Scalars and vectors are two well-known representations of SO(3), but there are many others. It’s worth noting that all finite representations of SO(3) can be broken down into a combination of simpler, indivisible representations known as ”irreducible representations”, as described in (Weiler et al., 2018) and (Thomas et al., 2018). In SO(3), each irrep is indexed by a positive integer $l=0,1,2,\dots$ and has dimension $d=2l+1$ . A major contribution of Weiler et al. (2018) was the formulation and solution of a constraint on kernels between irreps of order $l$ and $l^{\prime}$ , giving rise to a basis of all such kernels: this basis is implemented in the e3nn library. Networks defined using the operations of e3nn can have features valued in any irreps. For our experiments we consider features valued in scalars ( $l=0$ ), vectors ( $l=1$ ) and rank-2 tensors ( $l=2$ ).
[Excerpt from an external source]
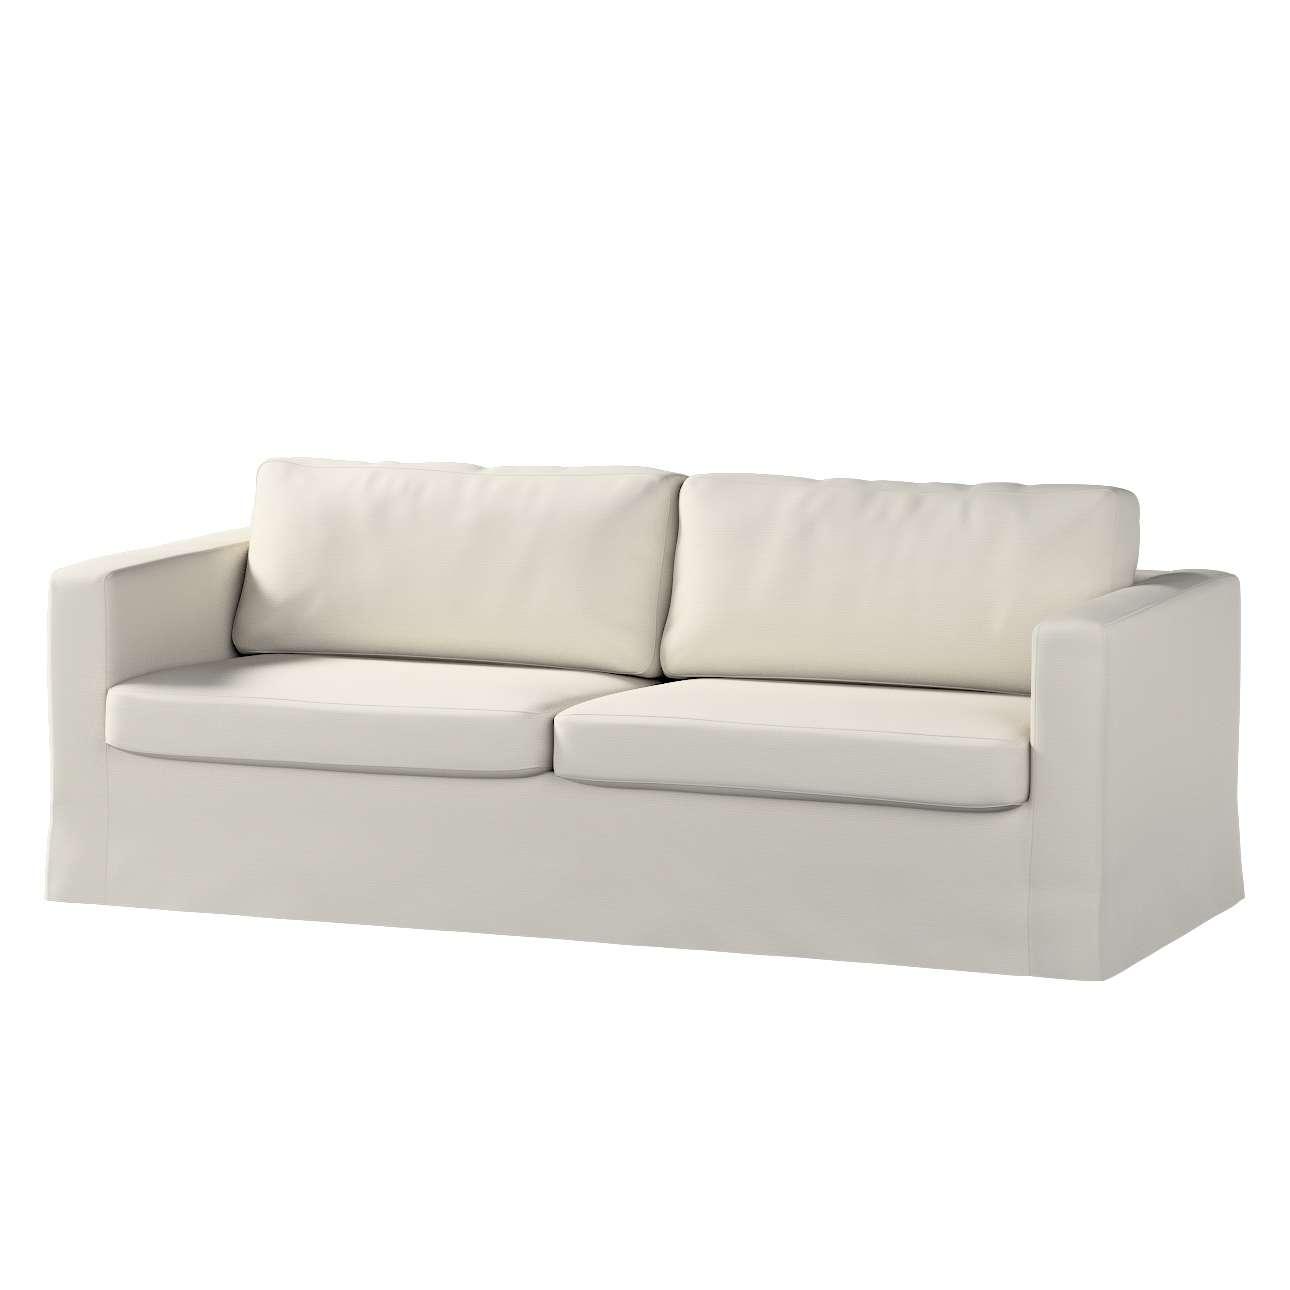 Floor Length Karlstad 3 Seater Sofa Cover Dove Grey 702

2.2 Equivariant voxel convolution

Refer to caption — Figure 1: (Left) Our equivariant self-connection convolutional layer for feature extraction: a single irreducible representation is produced by the sum of a convolution on the scalar irreps ( $l=0$ ), a convolution on the vector features ( $l=1$ ) and a convolution on the tensor features ( $l=2$ ), together with a self connection layer (voxel-wise fully connected tensor product between the irreps). (Right) Illustration of the fully connected tensor product in the beginning of our network. The input representations are our scalar image ”0e” on the left and the spherical harmonics of $l$ from 0 to 2 on the right, which result in a hidden layer of irreps of scalar, vector and rank-2 tensors.

Each layer of an equivariant network formulated in e3nn takes as input a direct sum of irreps and returns a direct sum of irreps (in our case, of orders, $l=$ 0, 1 or 2) See Fig. 1.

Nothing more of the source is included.